━━ DATA SHOWN ━━

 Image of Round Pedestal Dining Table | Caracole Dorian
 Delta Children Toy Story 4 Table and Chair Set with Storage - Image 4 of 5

━━━
━━ DATA SHOWN ━━

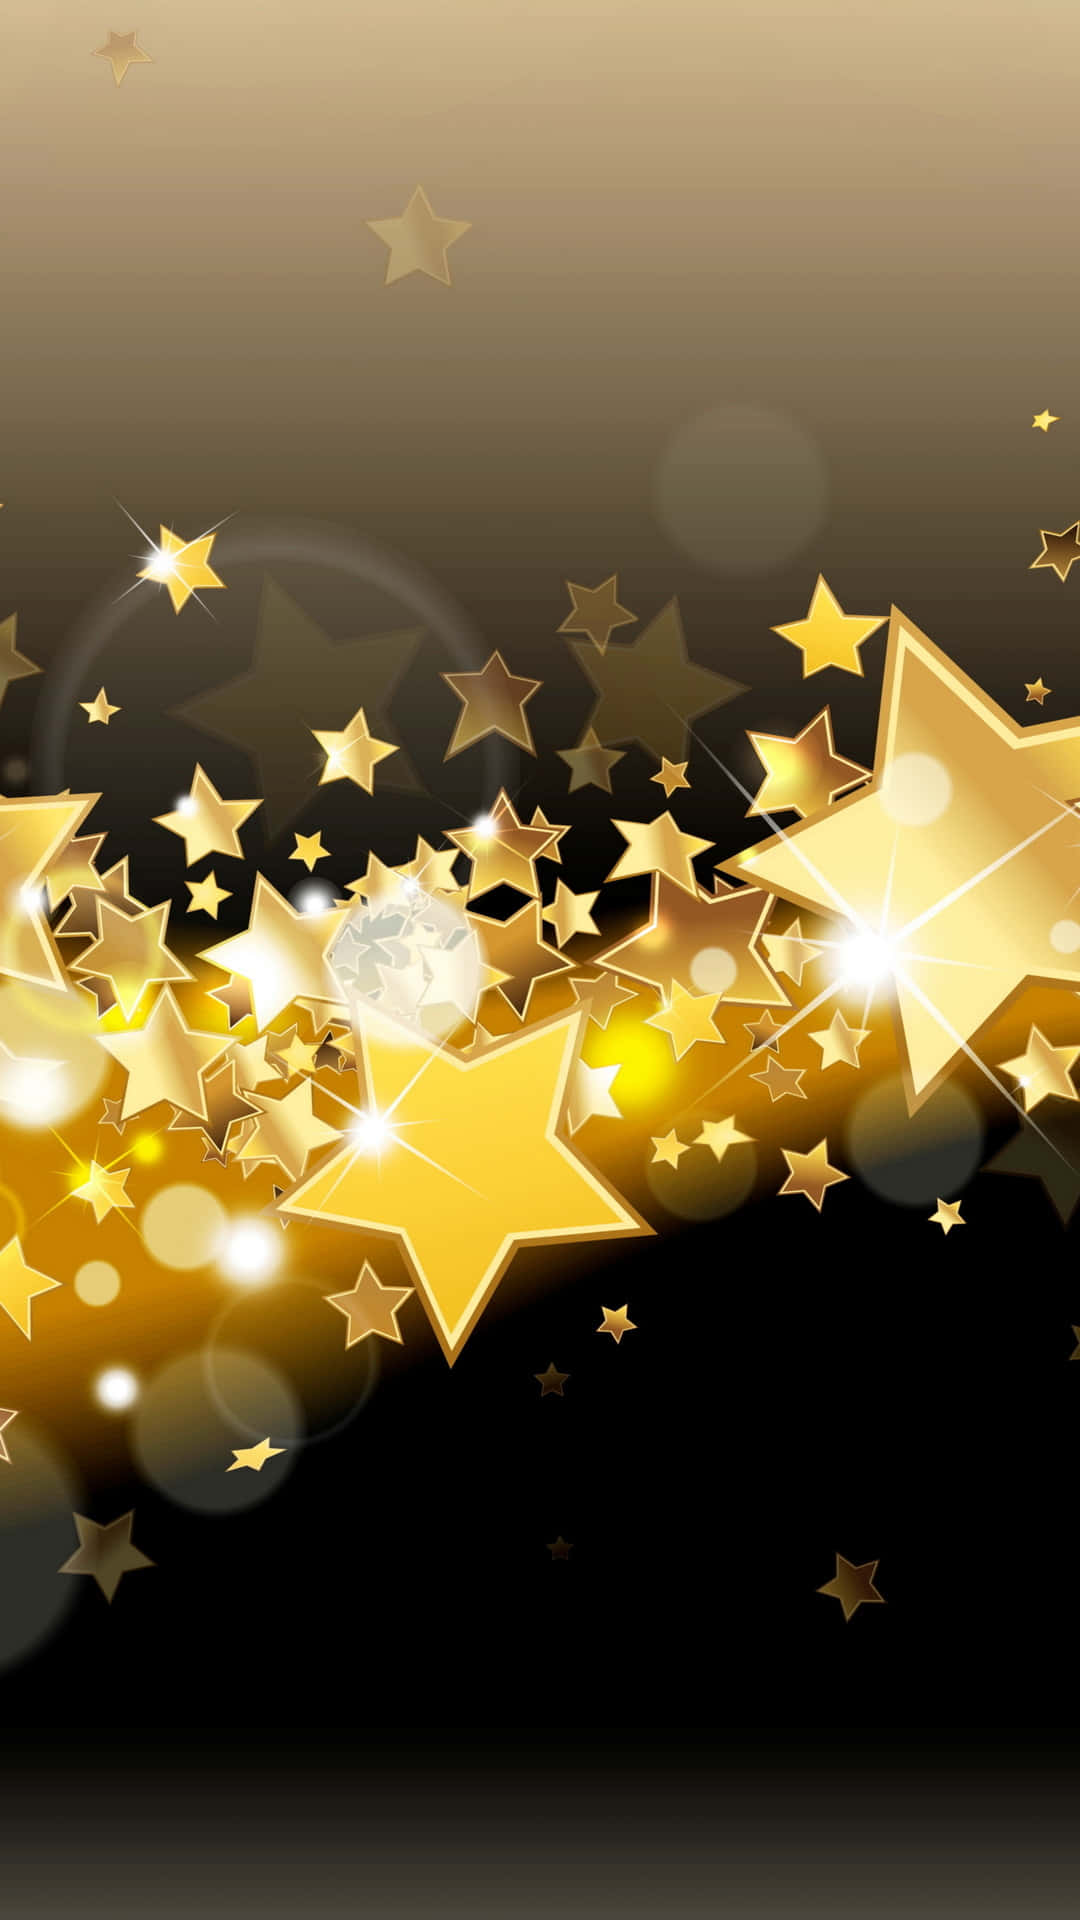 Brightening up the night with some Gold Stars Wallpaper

━━━

ASSIGNMENT: Write down exactly the span of lines above from the one containing "Image of Round" to the one containing "Delta Children Toy", both ends included.

ANSWER FOR THIS EXERCISE:
 Image of Round Pedestal Dining Table | Caracole Dorian
 Delta Children Toy Story 4 Table and Chair Set with Storage - Image 4 of 5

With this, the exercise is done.